First, thanks for your patch. I have a few questions below.

On Mon, Oct 11, 2021 at 11:03:44AM +0700, Ammar Faizi wrote:
> Linux x86-64 syscall only clobbers rax, rcx and r11 (and "memory").
>
> - rax for the return value.
> - rcx to save the return address.
> - r11 to save the rflags.
>
> Other registers are preserved.
>
> Having r8, r9 and r10 in the syscall clobber list is harmless, but this
> results in a missed-optimization.
>
> As the syscall doesn't clobber r8-r10, GCC should be allowed to reuse
> their value after the syscall returns to userspace. But since they are
> in the clobber list, GCC will always miss this opportunity.

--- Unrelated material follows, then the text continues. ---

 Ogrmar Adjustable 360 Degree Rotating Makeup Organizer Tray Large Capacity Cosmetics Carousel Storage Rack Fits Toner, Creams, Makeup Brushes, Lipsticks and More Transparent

I agree with your conclusion about this but need to be perfectly sure
about the exact clobber list since I got a different impression when
implementing the calls. I got the impression that these ones were
clobbered by reading entry_64.S below:

* Registers on entry:
* rax system call number
* rcx return address
* r11 saved rflags (note: r11 is callee-clobbered register in C ABI)
* rdi arg0
* rsi arg1
* rdx arg2
* r10 arg3 (needs to be moved to rcx to conform to C ABI)
* r8 arg4
* r9 arg5
* (note: r12-r15, rbp, rbx are callee-preserved in C ABI)

See this last note ? Indicating that r12-15, rbp and rbx are preserved
made me think it's not the case for the other ones, but that might of
course be a misunderstanding.

And calling.h says this:

x86 function call convention, 64-bit:
-------------------------------------
arguments | callee-saved | extra caller-saved | return
[callee-clobbered] | | [callee-clobbered] |
---------------------------------------------------------------------------
rdi rsi rdx rcx r8-9 | rbx rbp [*] r12-15 | r10-11 | rax, rdx [**]

Note that it's indicated "function call convention", not "syscall",
leaving it open to have extra restrictions on syscalls. Later by
reading the POP_REGS macro called with pop_rdi=0 and skipr11rcx=1
on syscall leave, it seems to restore everything but r11, rcx, rax
and rdi (which is restored last with rsp).

As such, could you please add in your commit message a link to the
location where you found that authoritative information above it there
is a better place (i.e. one that doesn't require to read all the macros)?
This would significantly help anyone facing the same doubts about this
in the future.

Thank you!
Willy